§ **WHAT TO DO**:
An exact reproduction of the listing, minus the pictures, is the required output.

§ **DATA EXTRACT**:
● ● ● ●

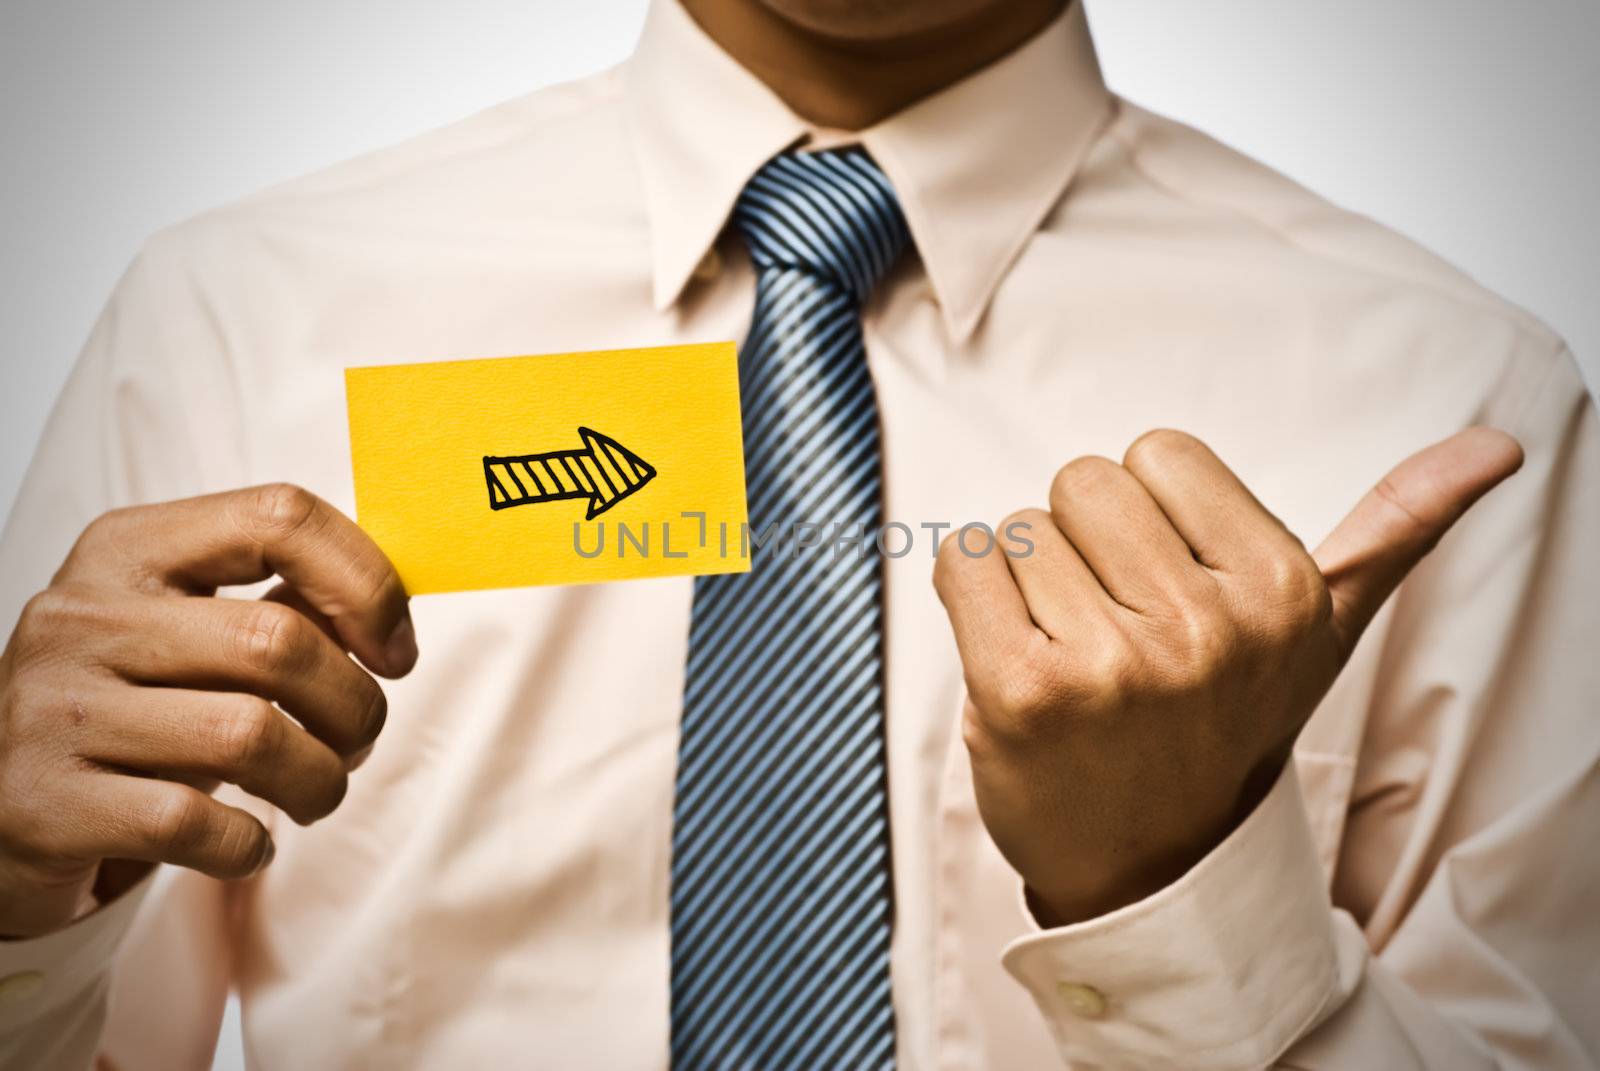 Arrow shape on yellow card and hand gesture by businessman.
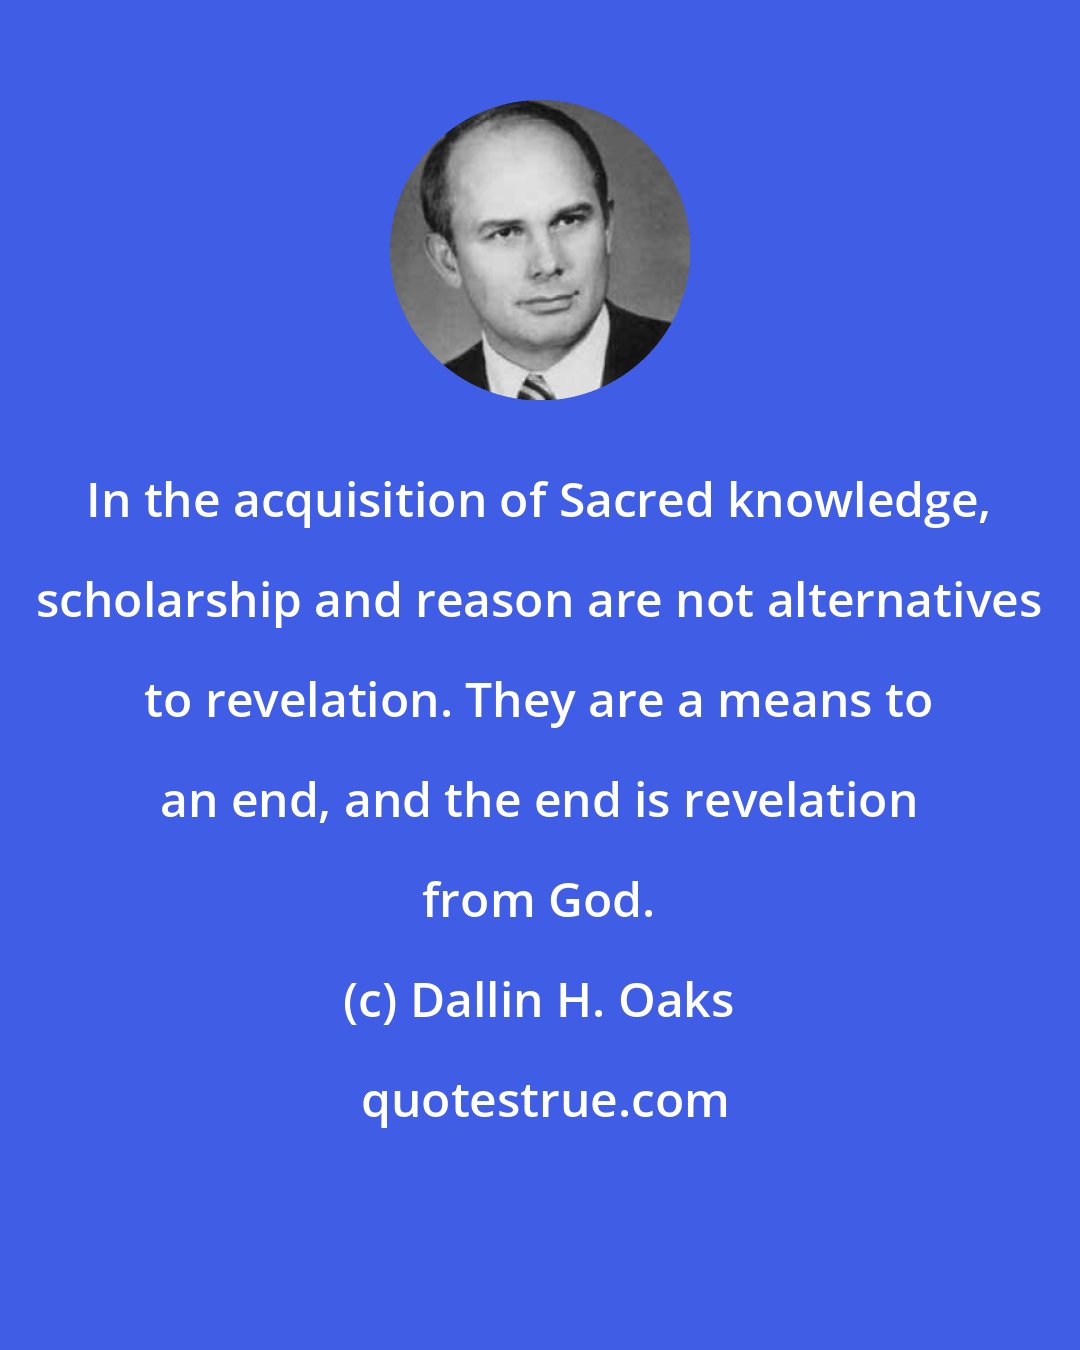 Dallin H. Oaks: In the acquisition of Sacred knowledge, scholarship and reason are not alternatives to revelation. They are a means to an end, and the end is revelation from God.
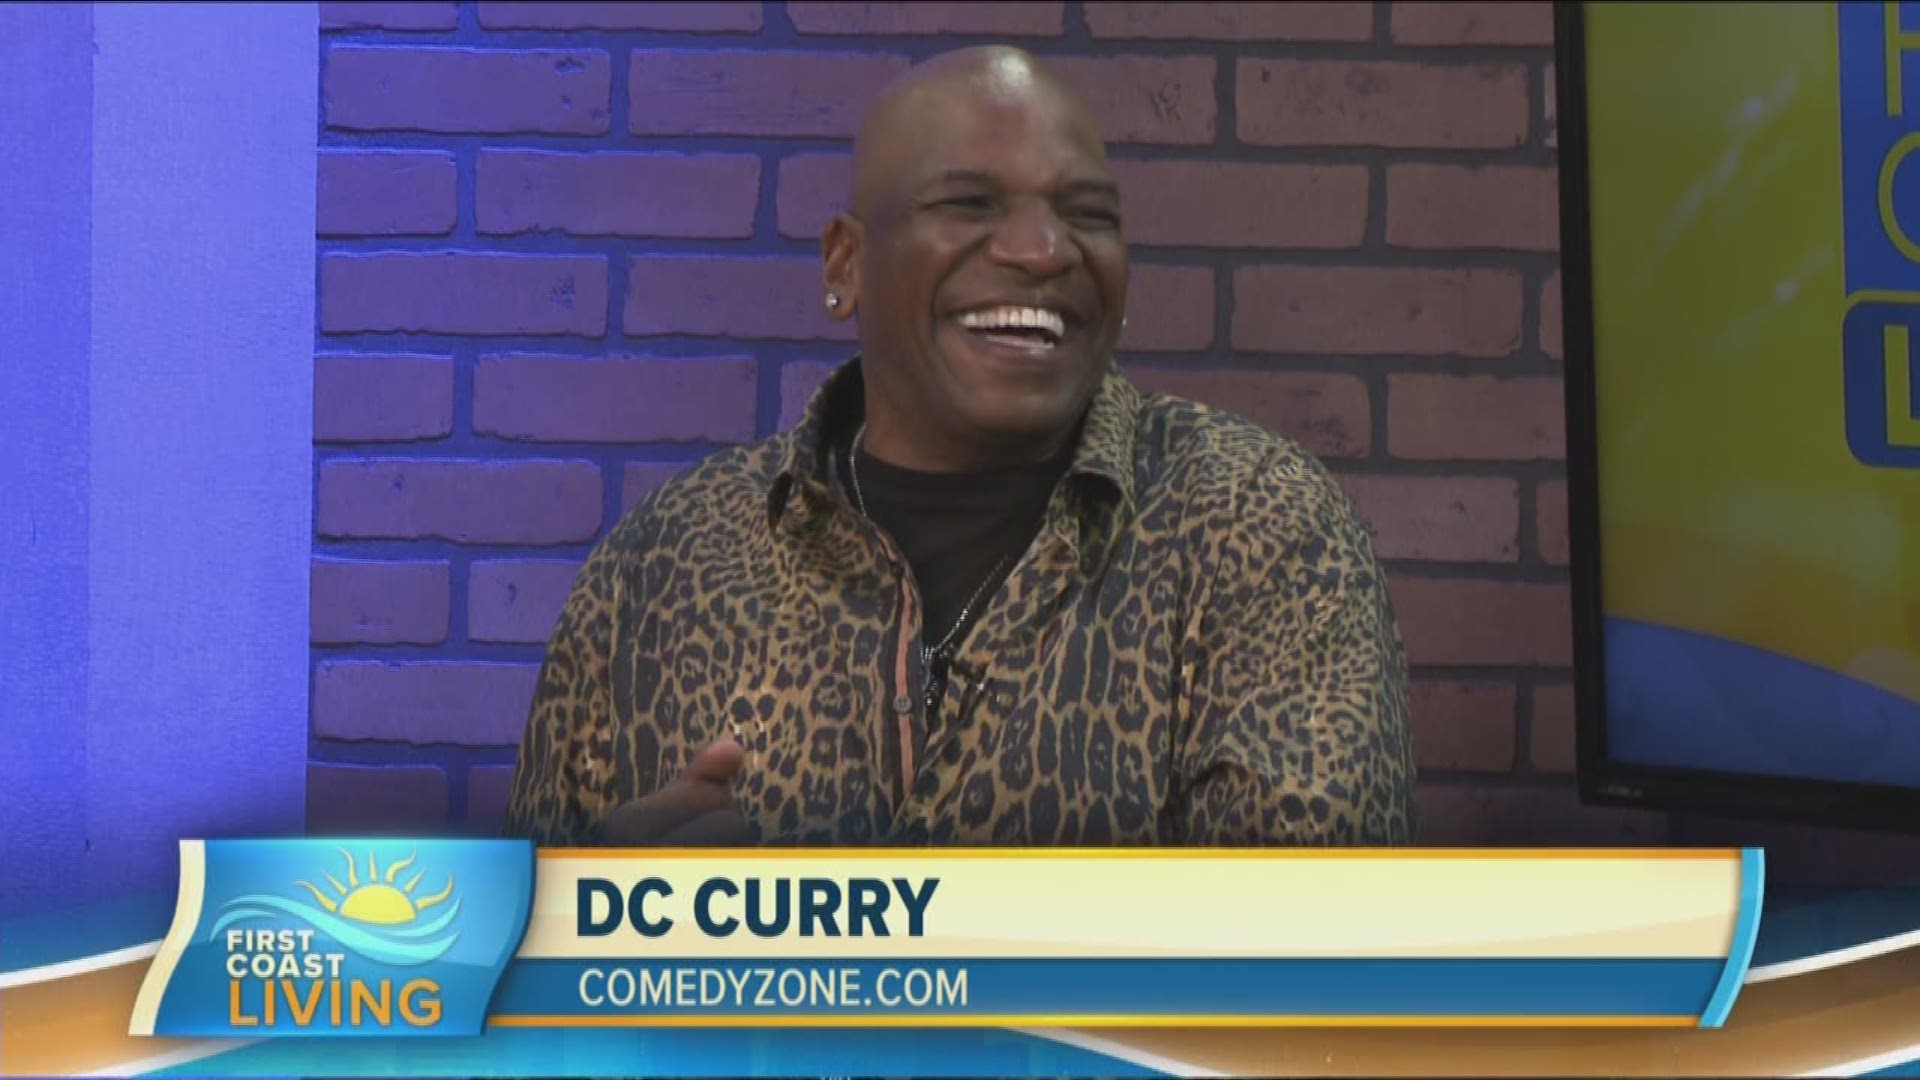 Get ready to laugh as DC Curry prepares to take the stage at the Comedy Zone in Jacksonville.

● ● ● ●

§ **FINAL ANSWER**:
 Arrow shape on yellow card and hand gesture by businessman.
 Dallin H. Oaks: In the acquisition of Sacred knowledge, scholarship and reason are not alternatives to revelation. They are a means to an end, and the end is revelation from God.
 Get ready to laugh as DC Curry prepares to take the stage at the Comedy Zone in Jacksonville.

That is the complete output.